The first ted talk I watched was about the world record holder for not breathing. David Blaine, a magician, was able to hold his breath for 17 minutes and 4 seconds on live television. In this ted talk, Blaine tells about his motivation and process in accomplishing his goal.
http://www.ted.com/talks/david_blaine_how_i_held_my_breath_for_17_min.html
Motivation: To do what others can do, be the best, disprove scientific data, beat others, do what he says he can do to everyone.
Process: Researching how the body works, talking to doctors, working way up from 3 minutes to 5 minutes (for 45 minutes) with minute long breathing breaks in between. He learned about how to purge (when you breath a certain way to release co2 from your body so its easier to breath). Also lost weight and ate healthier to make it easier. Held his breath live on Oprah against previous record holders. Couldn't move much and had to try to lower heart rate to conserve energy so that he could hold his breath longer.
The second ted talk I watched was about "A warm embrace." This product is a substitute for an incubator. It was created because hundreds of premature babies were dying because they couldn't stay warm and incubators weren't always sufficient enough and were also too expensive for most hospitals, people, and places to afford.
http://www.ted.com/talks/jane_chen_a_warm_embrace_that_saves_lives.html
The idea behind this product was the death of so many babies (usually premature). The product needed to be simple and affordable. Instead of the couple grand incubator, the new product is a warm embrace and it only costs 25 dollars. My concern when watching this actually was that it was increasing population, but Jane Chen addressed that in her closing saying how most people in other countries anticipated death at a young age and would have more children because of that. If they didn't assume that their child was going to die, they were less likely to take that precaution of having more children.
The third ted talk I watched was about what effects your health. Bill Davenhall talks about how geography effects your health.
http://www.ted.com/talks/bill_davenhall_your_health_depends_on_where_you_live.html
These things effect your health too:
-life places (like work, school, home, the location of your home, where you spend all your time)
-How much rest you get and where (home, away from home)
___% at home/community
___% away
And they never talk about them at the doctors office.
A lot of your health also depends on the amount of unclean air you breath in your life, plus when you're developing as a kid.
Doctors ask you a million questions about family history and your health history at the office. but they never ask about what kind of water you drink, food you consume, where you've lived.
Bill Davenhall had a heart attack because of where he's from (most likely). And that's not in any medical record.
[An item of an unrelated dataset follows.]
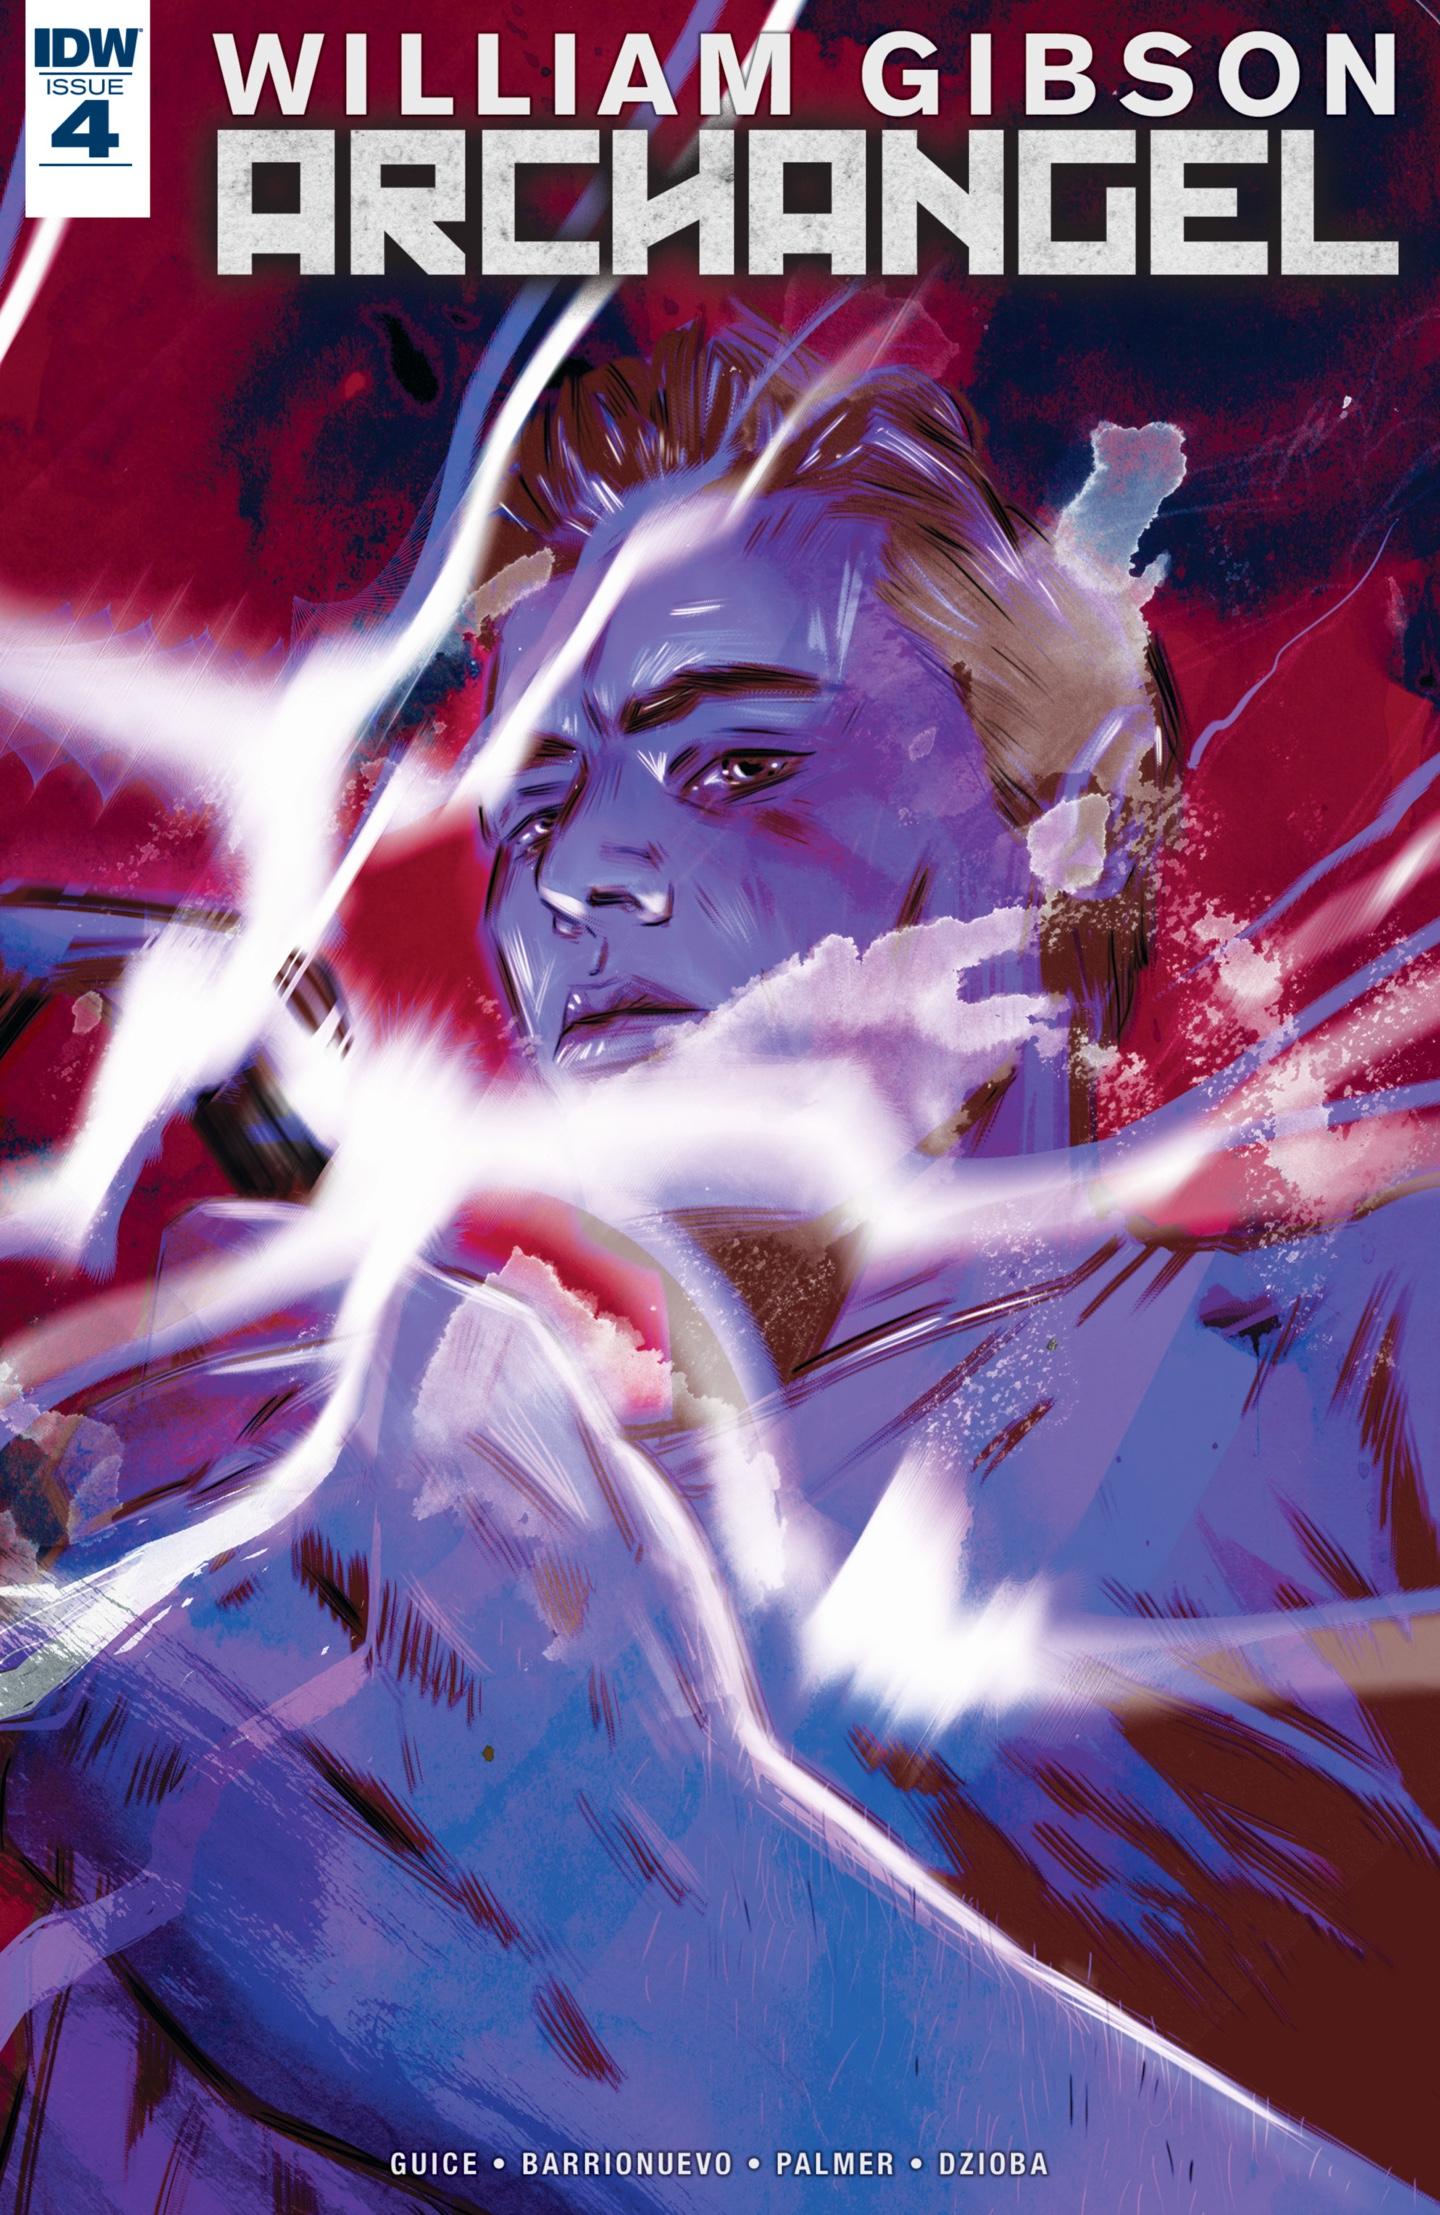 Couverture Archangel #4, image IDW

Data for every community in the united states that gives you place history (can do it on iphone) should use that in doctors office as part of an assessment.
Should be mandatory to teach physicials about value of geographic information.these programs need to be supported. Future doctors need to know this.
Billions of dollars on electronic health record- should include geographic information.
If people know or had known about this type of impact geography has they could tell their boss not to locate them there- health risk to employees and it's bad for their business.
People may've made different decisions with more knowledge.
Jack Lord, md said this almost 10 years ago.
Geography matters.
Geography can keep you healthy if you do the right things and live in the right places.